Темные арки и их жители. Первая ночь, проведенная мной в фургоне
Было уже поздно, около одиннадцати часов, но на улице толпилось множество народа, нас толкали на каждом шагу, и мы с трудом пробирались вперед.
— Идем скорей, — заметил Рипстон, оборачиваясь ко мне, — теперь нам уже недалеко.
Это замечание обрадовало меня. Когда мы вышли на широкую, светлую улицу, я подумал, в каком прекрасном месте живут мои спутники, и с каким удовольствием я сам стал бы жить здесь. Но затем меня взяло раздумье. Они сказали, что идут домой, в свое жилище, а меня с собой не приглашали; пожалуй, они войдут в тот дом, где живут, а меня оставят среди улицы. Слова Рипстона: «пойдем, теперь уж не далеко!» ободрили меня: я объяснил их так, что, значит, они приглашают меня к себе.
Я немножко отстал от них, отчасти потому, что устал, отчасти потому, что какой-то прохожий отдавил мне левую пятку, но при словах Рипстона я, насколько хватало сил, прибавил шагу.
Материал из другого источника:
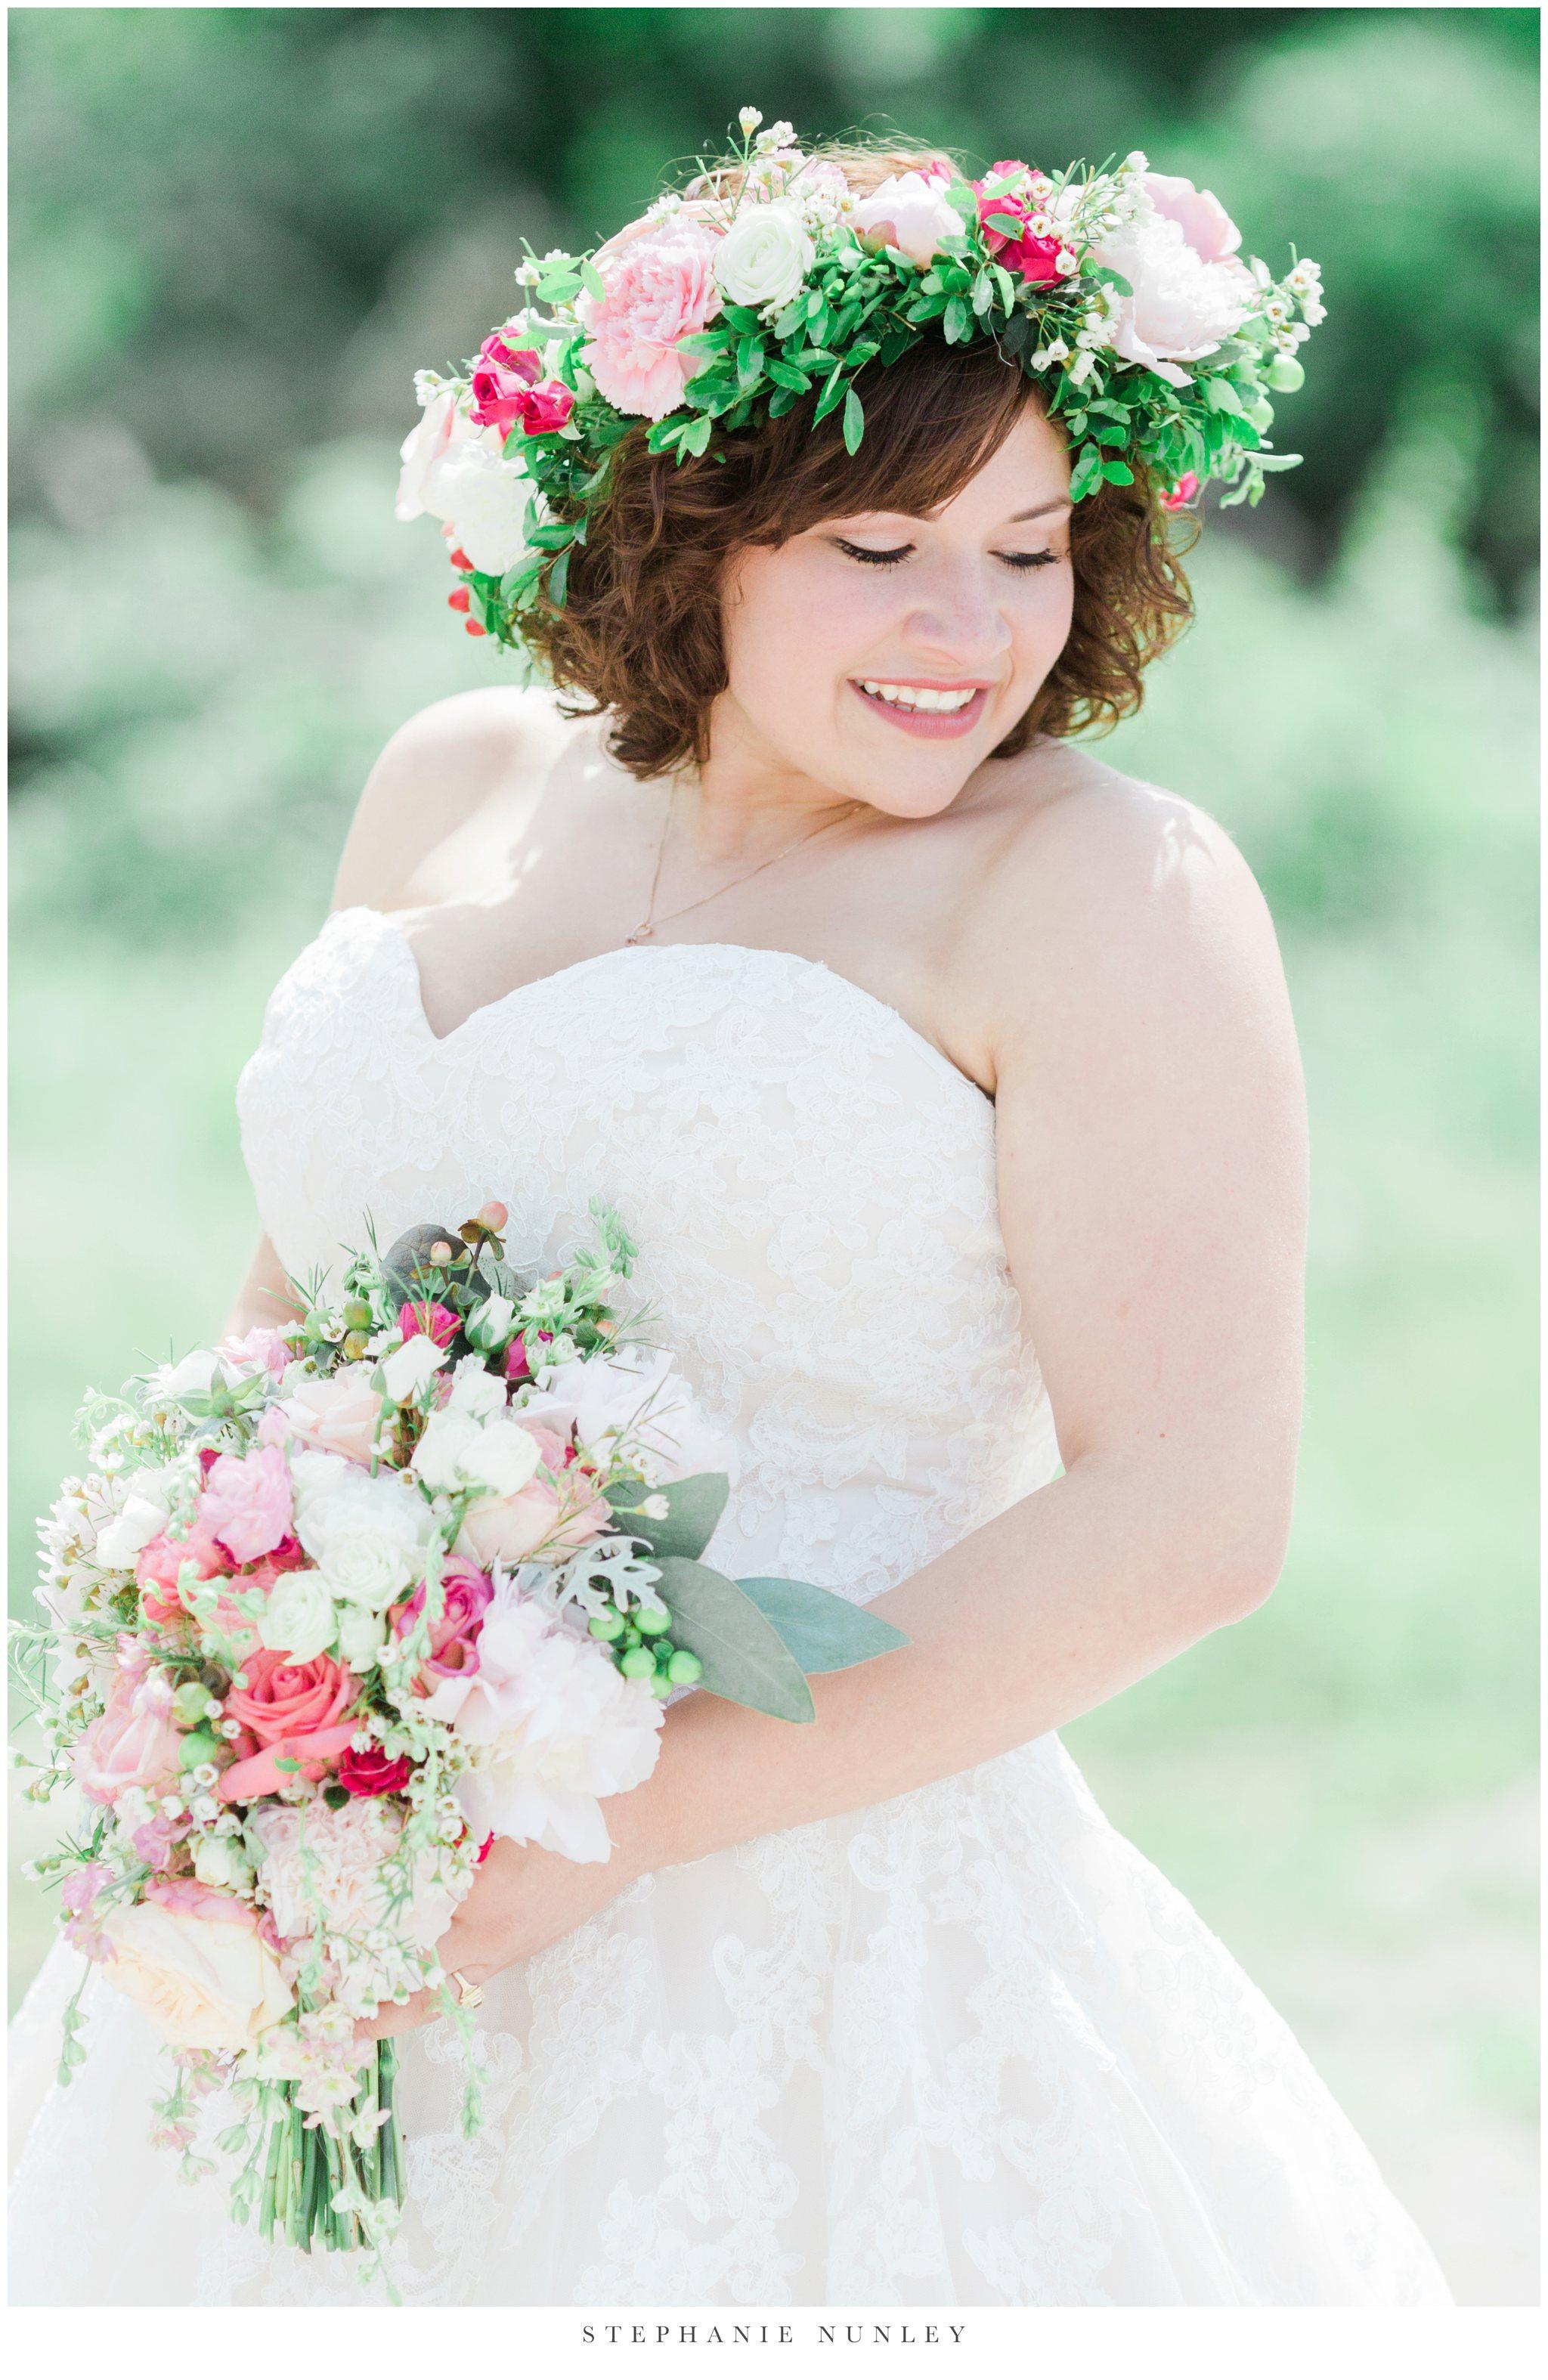 romantic-outdoor-wedding-with-flower-crown-0046.jpg

Вдруг оба мои спутника исчезли из глаз моих. Куда они девались? Может быть, я обогнал их, сам того не замечая? Хотя это было неправдоподобно, но я все-таки поворотил назад, громко клича их по именам. Никто не отвечал мне. Я побежал опять вперед и изо всех сил крикнул: «Рипстон!» Нет ответа.
Отчаяние опять овладело мной. Может быть, мальчики нарочно сыграли со мной эту злую штуку. Им не хотелось идти со мной, и они бросили меня среди улицы. Может быть, они завели меня совсем не туда, где находится Ковент-Гарден, и я от него еще дальше, чем был до встречи с ними. Все эти мысли были так печальны, что я не мог совладать со своим горем. Я прислонился к фонарному столбу и начал громко плакать. Вдруг, я услышал знакомый голос.
— Смитфилд, где ты?
Меня не звали Смитфилдом, но так называлось то место, где меня встретили мои товарищи, и они, не зная моего настоящего имени, прозвали меня так. Голос, услышанный мной, был голос Моульди, я в этом не сомневался.
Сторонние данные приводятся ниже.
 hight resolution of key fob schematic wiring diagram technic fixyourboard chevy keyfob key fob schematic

— Я здесь, — отвечал я, — а вы где?
— Да здесь, разве ты не видишь?
Я не видал. Голос выходил по-видимому из какого-то прохода рядом с теми лавками, против которых я стоял, но из какого — я не мог распознать. В эту минуту мальчик схватил меня за руку.
— Это ты, Моульди? — спросил я.
— Конечно, я, — нетерпеливо отвечал он, — иди же, коли хочешь идти.
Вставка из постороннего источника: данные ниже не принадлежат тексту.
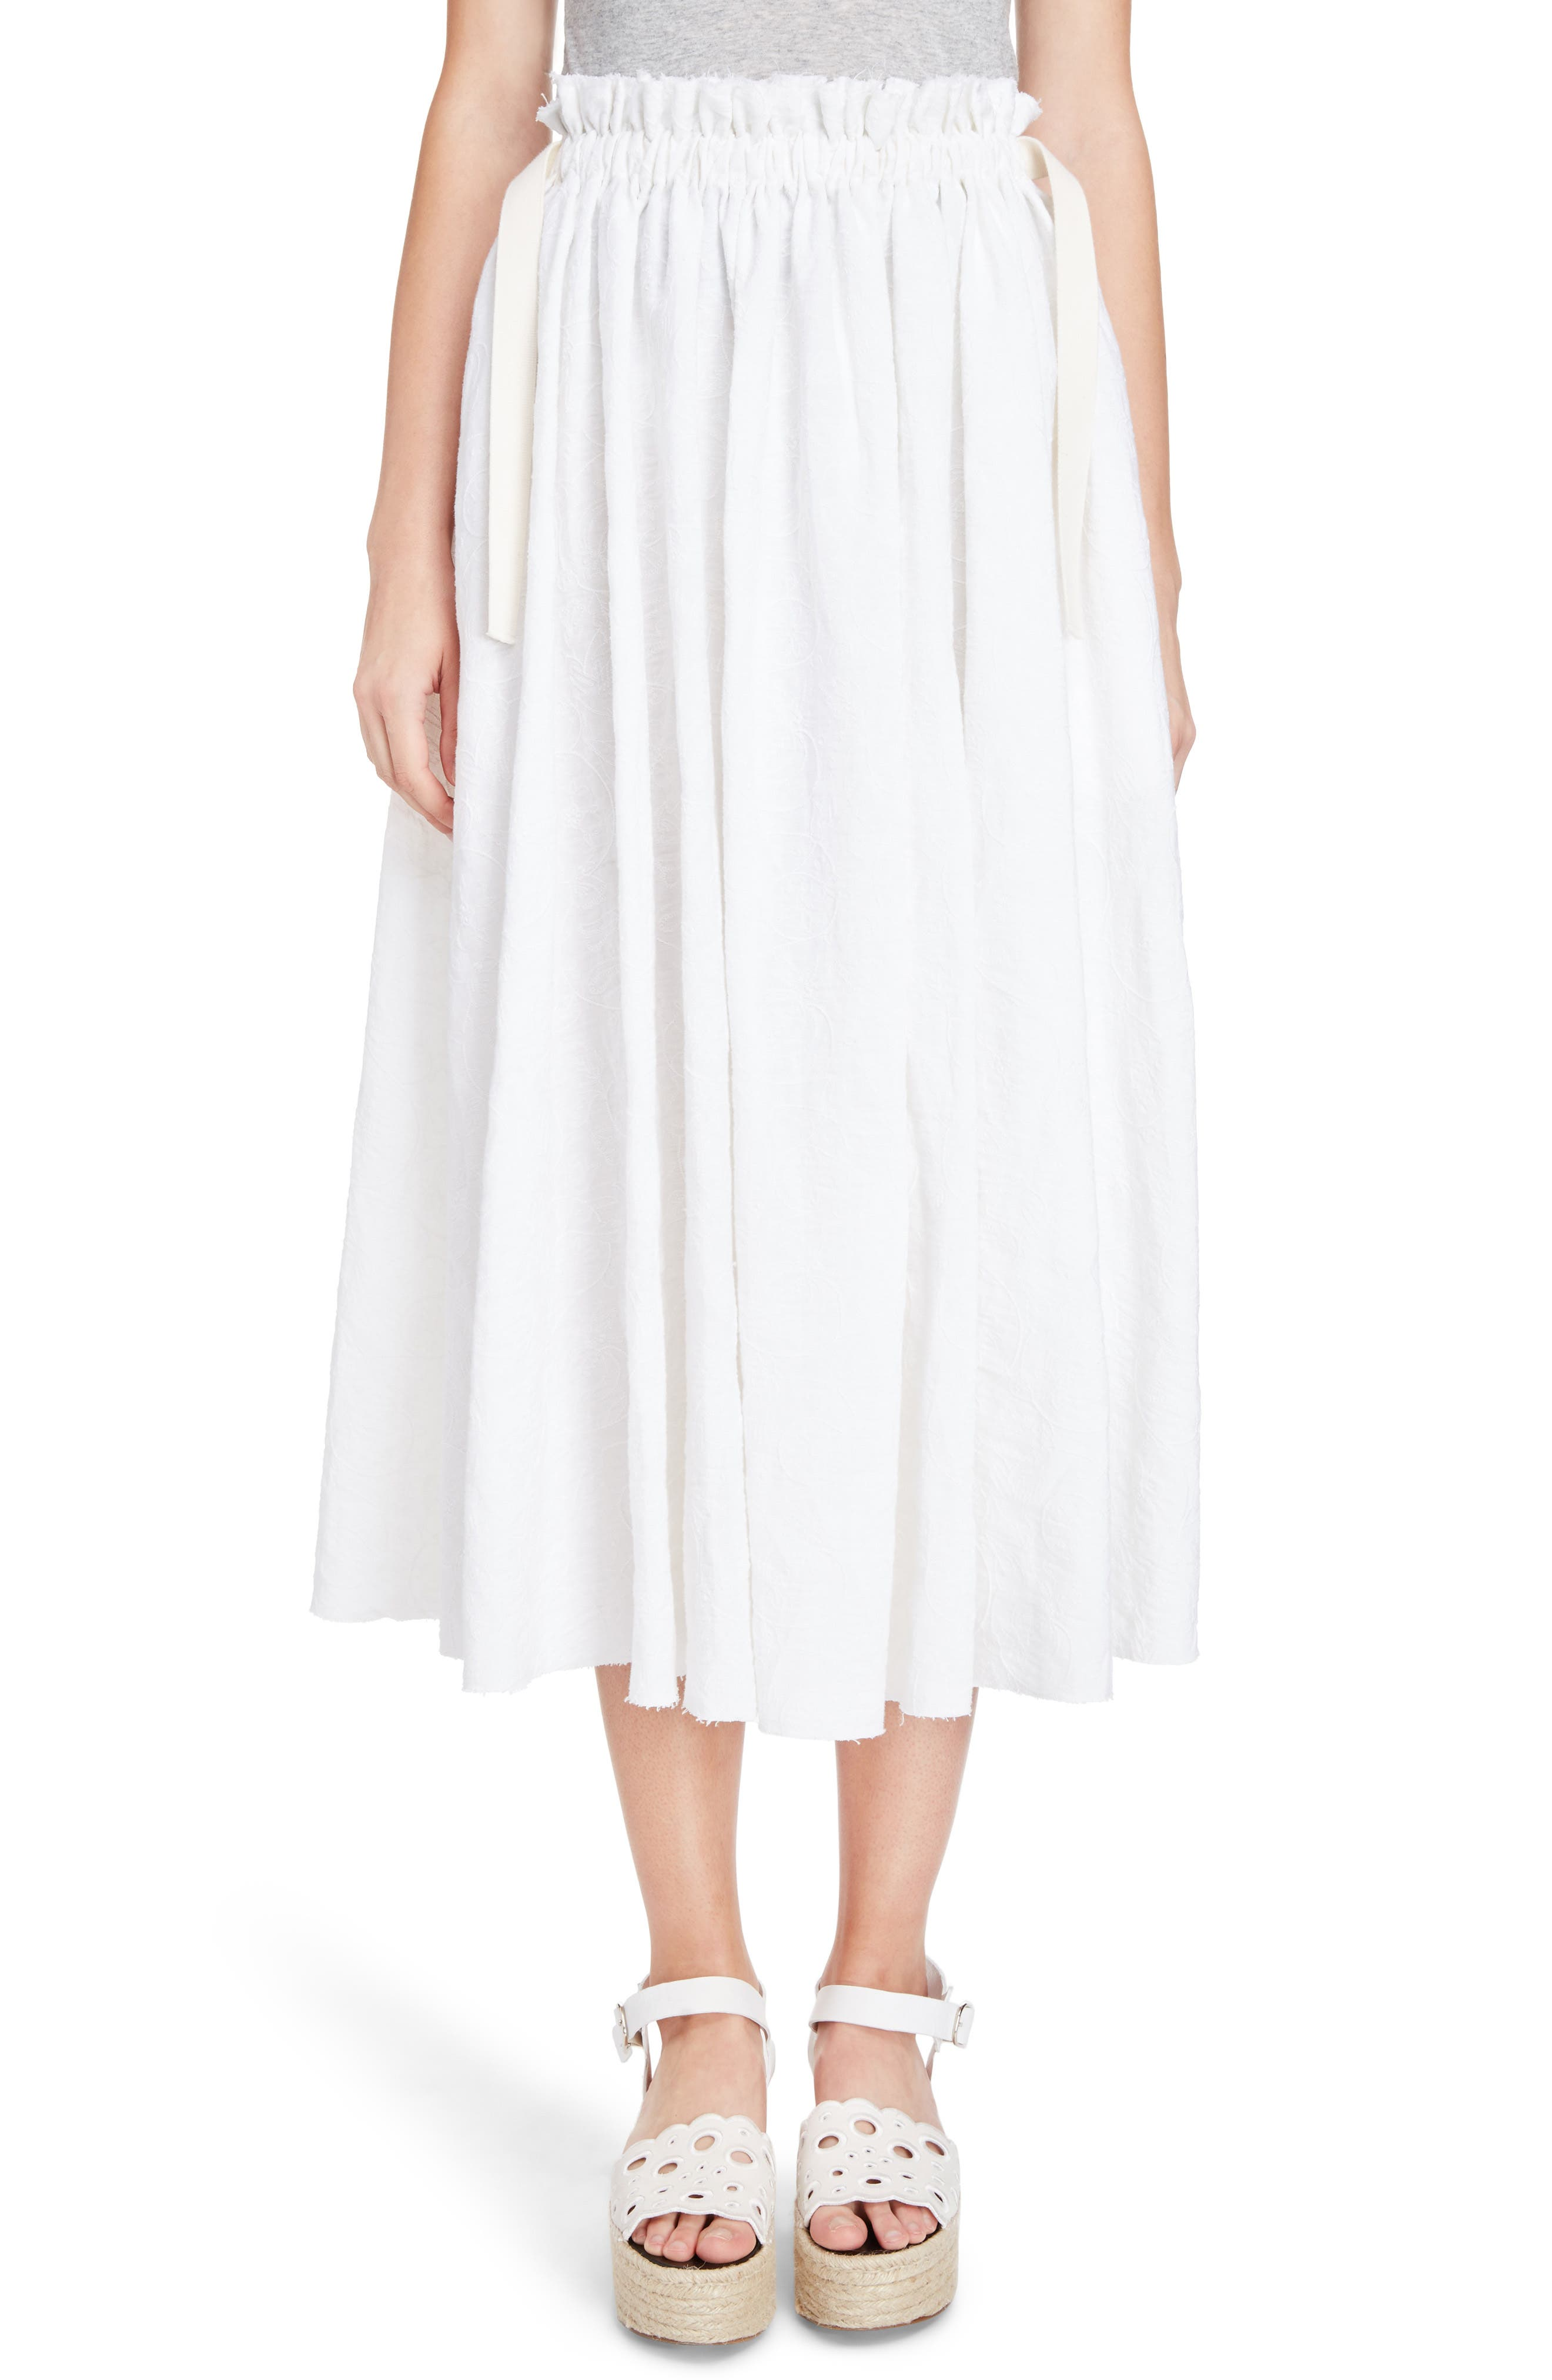 Alternate Image 1 Selected - Loewe Drawstring Waist Broderie Anglaise Skirt

Я скоро увидел, что Моульди вводит меня в какой-то узкий, низкий проход. В лицо мне пахнуло сырым, холодным воздухом. Вокруг все было так темно, что за два шага ничего нельзя было разглядеть. Пройдя несколько сажен в этом ужасном проходе, я почувствовал такой страх, что принужден был остановиться.
Вы здесь живете, Моульди? — спросил я.
— Здесь внизу, — отвечал он, — надобно еще немножко спуститься. — Идем, чего ты боишься?
— Да здесь так темно, Моульди.
— Ты верно привык сладко кушать, да спать в спальной, освещенной восковыми свечами, а мы не так прихотливы. Идем, не то пусти мою руку, не задерживай меня!
Я всеми силами прицепился к его руке, я не знал, что делать, он, должно быть, почувствовал, как дрожала моя рука.
— Полно, чего тут бояться, малютка, — сказал он почти ласково. — Пойдем скорей, там мы найдем фургон или телегу и охапку соломы, будет на чем прилечь.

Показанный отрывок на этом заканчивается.